Of velvet ears and dewy nose

Of square head and long bones

Walker texas ranger,

Please don’t be a stranger

The contents of my fridge

Milk and eggs and lemonade

A beer a cider wait I drank that

A dozen uncooked kroger brand flour tortillas

That I bought to compare to Tortilla Land Brand

Ears of corn Expired Ranch Dressing from last year

Turkey Bacon Parmesean Cheese

The liquid left from Grandma’s kimchi

Grandma’s water kimchi

Spoiled Kale Two heads of lettuce

Two or three mustards a couple of barbeque sauces

Dozens and dozens of packets from taco bell

The emergency McDonalds sweet and sour

Chic-Fil-A Polynesian

Half a cabbage Leftover chicken salad from Pietro’s

Hardened block of white cheddar

Pint of grape tomatoes

The center part of an onion cut vertically

Such that the root and the tip are still present

As I lacked the time in the moment of cooking to

Process the difficult parts; this is a testament to my

Putting things off Capers Massive jar of pickles

Plain yogurt

As I remember there was plenty more

How thankful I am to have a fridge I can forget about

How thankful I am to know what to make of it

How thankful I am to prepare a meal for the one I love

How thankful I am to dine on one prepared for me

The contents of my fridge

The contents of my stomach

The contents of my body

The contents of my heart

My love and affection

The contents of my fridge

Food evokes memory

Food is completely necessary

Food I fancy I make for my friends

Food I fancy I serve at thanksgiving

Last thanksgiving was the last time

Me and my fiancee saw her mother before she died

Last thanksgiving was good but it was the end of someone

Very meaningful and impactful on my life and

Much more so to my Fiancee

I stand and eat in the spot she lay when we arrived

The cold night at the end of November

I look to the spot she sat when she passed

I stand there to eat my breakfast

I stand there in Grace’s house

I wish to imply that every meal that I make

Every memory that I form

Every stomach that I fill

Even the ranch I used

As a dipping sauce for our guests and myself

Pecking at pizza rolls

Even though it was expired

It was still good and no

I wouldn’t dare shrink

The legacy of an incredible woman

To the contents of her fridge

I fancy only to observe

How thankful I am to have been called her son too

How thankful I am to have been bestowed

The contents of her fridge

It has been life without a workbench

Until this day I swear.

I wrote the dimensions of the workbench

Based on the video I saw on youtube

As the fellow who made that workbench

Was too busy making other things to make plans

For the workbench he made to make other things

Making a workbench is perhaps a rite of passage

Making a workbench is perhaps a test of will

Of measurement and investment

The weight of a 2 by 4 will always shock you

It’s a little bit lighter, a little bit heavier

Than you’d ever expect

Wield it in the way a child

Would carry an imagined broadsword

O’er his imagined kingdom destined to burn

Fighting against the future, against wizard and dragon

Fighting against the warp and cup and bow and twist

Of the 2 by 4s I will into a bench

I wrote the plans down on an envelope we received recently -

Asking for donations for ambulance drivers

This made me so mad, because why in the world,

What is a world, that an ambulance driver needs to ask for donations

I thought to myself, this must be a scam. I know I say this out of fear,

But trusting fear a fool does indeed. I’m having an IQ test in my psychiatric examination.

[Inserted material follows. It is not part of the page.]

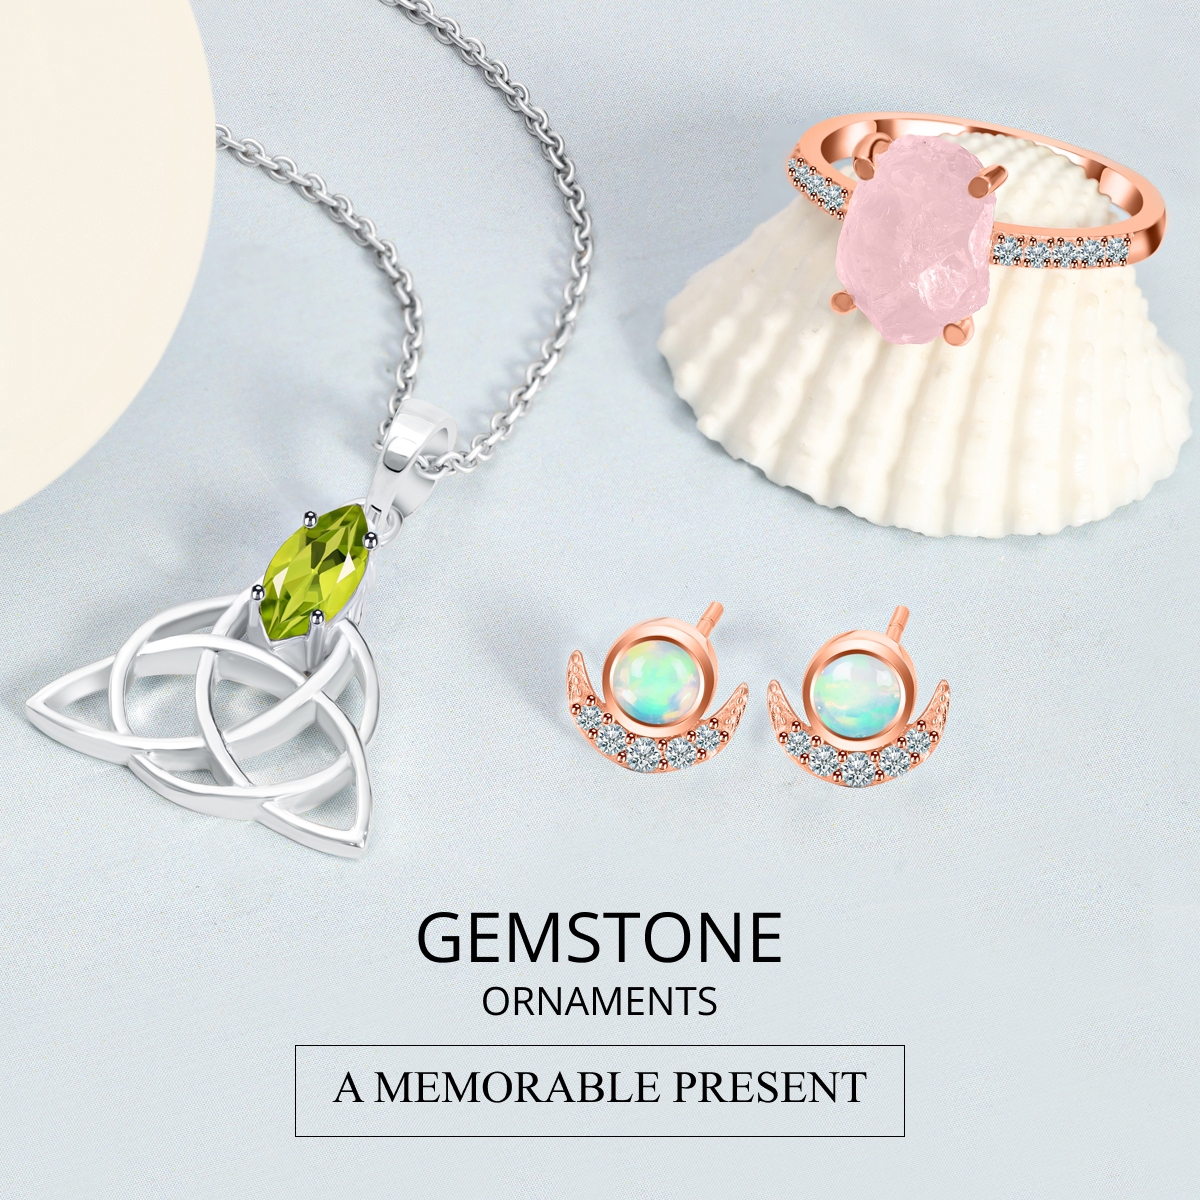 Gemstone Ornaments - A Memorable Present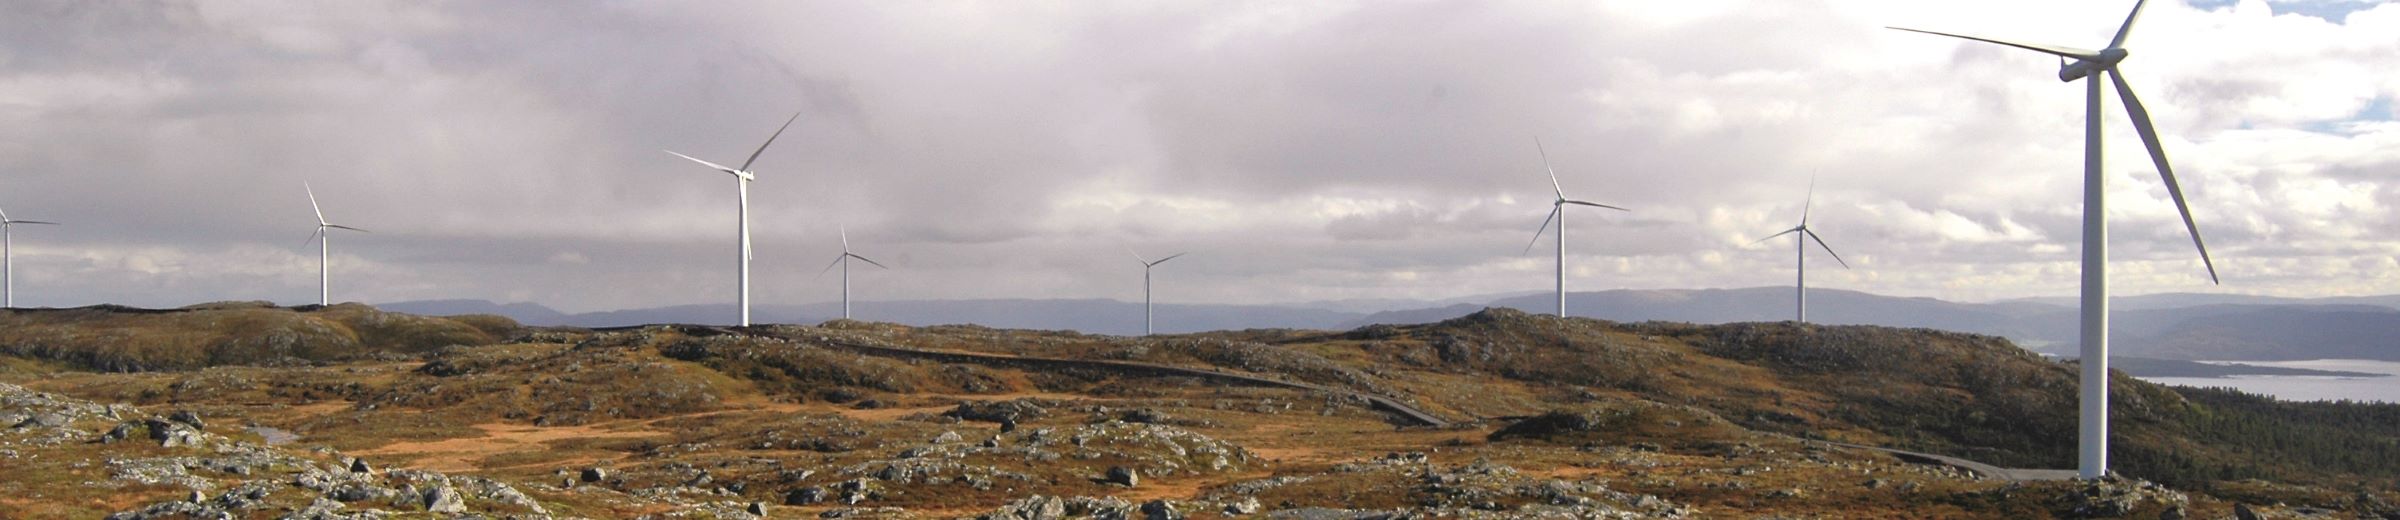 Wind turbines in a cloudy landscape

The incident where I said without research, this envelope asking for donations

For emergency personnel specifically ambulance drivers, must be a scam.

I will make sure to mention this and bring the mail in question.

So they can adjust my IQ score accordingly. It will also list all

Of my shoddy measurements, my haphazard drawings,

My shaken lines and scratched numbers.

Doctor green will take these into account.

And ascribe me a diagnosis.

Big dummy.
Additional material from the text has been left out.